Question

\(2\tan^{-1} \frac12+\tan^{-1}\frac 17=\tan^{-1}x\), then the value of \(x\) is:

• A. \(\frac {31}{17}\)
• B. \(\frac {17}{31}\)
• C. \(\frac {4}{3}\)
• D. \(\frac {3}{4}\)

Answer 1

The Correct Option is A

To solve the equation \(2\tan^{-1} \frac{1}{2}+\tan^{-1} \frac{1}{7}=\tan^{-1} x\), we can use the tangent addition formulas. First, let's denote \(a=\tan^{-1} \frac{1}{2}\) and \(b=\tan^{-1} \frac{1}{7}\). Then the equation becomes \(2a+b=\tan^{-1} x\).

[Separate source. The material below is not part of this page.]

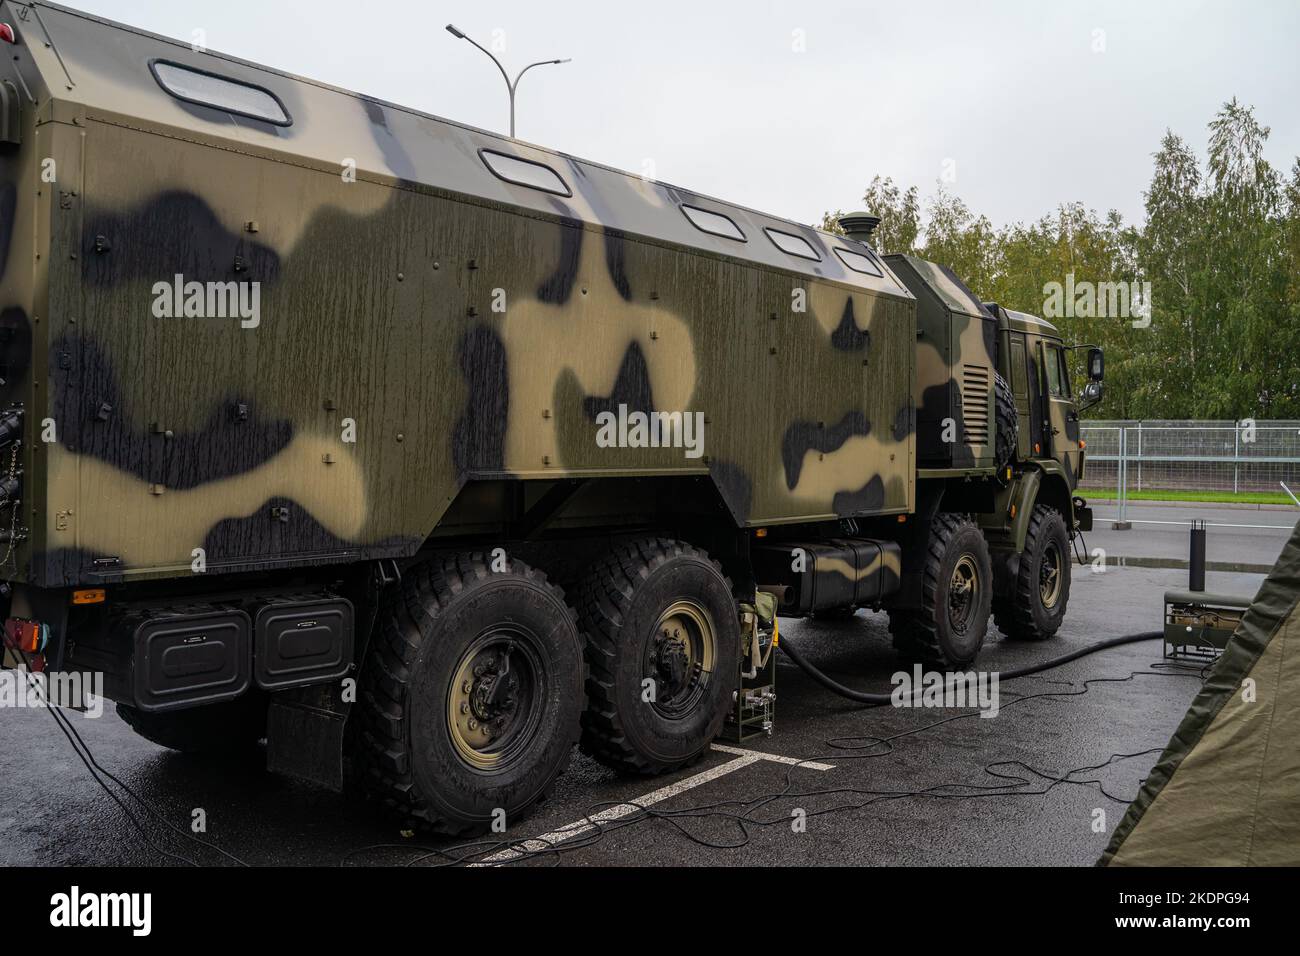 A mobile bathhouse for soldiers. Exterior view. Military equipment for participation in armed conflict.  Stock Photo
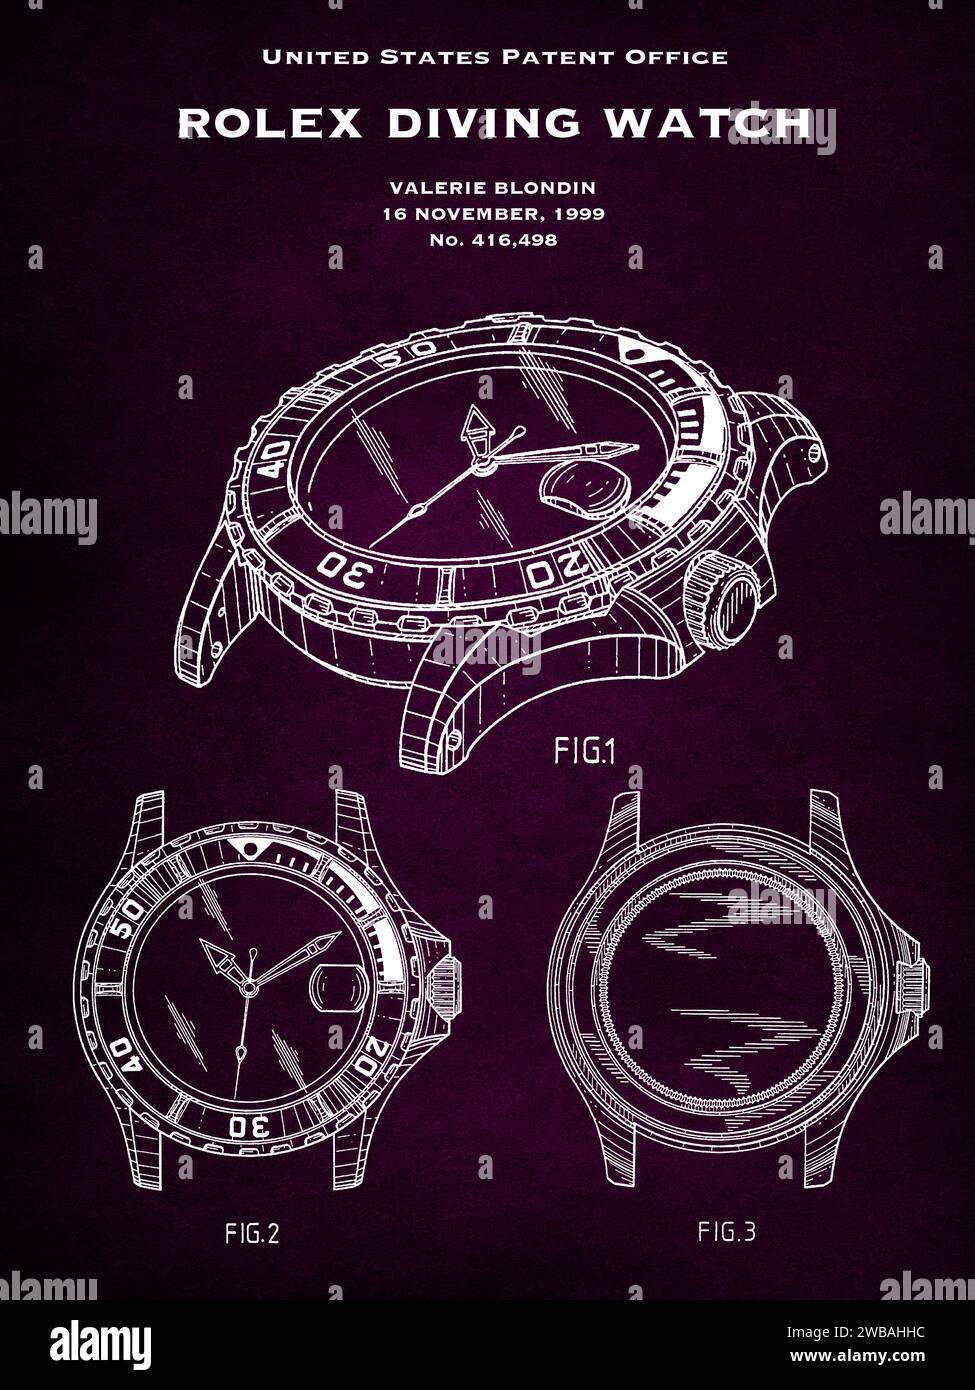 US patent office design from 1999 of a Rolex dive watch watch on a purple background Stock Photo

Using the tangent double angle identity: \(2\tan^{-1}a=\tan^{-1}\left(\frac{2\tan a}{1-\tan^2 a}\right)\), where \(a=\frac{1}{2}\) implies \(\tan a=\frac{1}{2}\). Hence, \(2\tan^{-1} \frac{1}{2}=\tan^{-1}\left(\frac{2\times\frac{1}{2}}{1-\left(\frac{1}{2}\right)^2}\right)=\tan^{-1}\left(\frac{1}{\frac{3}{4}}\right)=\tan^{-1}\left(\frac{4}{3}\right)\).

Now \(2a+b=\tan^{-1} \frac{4}{3}+\tan^{-1} \frac{1}{7}=\tan^{-1} x\).

Use the tangent addition formula: \(\tan^{-1}u+\tan^{-1}v=\tan^{-1}\left(\frac{u+v}{1-uv}\right)\). Applying it: \(\tan^{-1} \frac{4}{3}+\tan^{-1} \frac{1}{7}=\tan^{-1}\left(\frac{\frac{4}{3}+\frac{1}{7}}{1-\left(\frac{4}{3}\right)\left(\frac{1}{7}\right)}\right)\).

Calculate numerator: \(\frac{4}{3}+\frac{1}{7}=\frac{28}{21}+\frac{3}{21}=\frac{31}{21}\).

Calculate denominator: \(1-\frac{4}{3}\cdot\frac{1}{7}=1-\frac{4}{21}=\frac{17}{21}\).

Therefore, \(\frac{31}{21}\div\frac{17}{21}=\frac{31}{17}\).

So, \(x=\frac{31}{17}\), which confirms that the value of \(x\) is \(\frac{31}{17}\).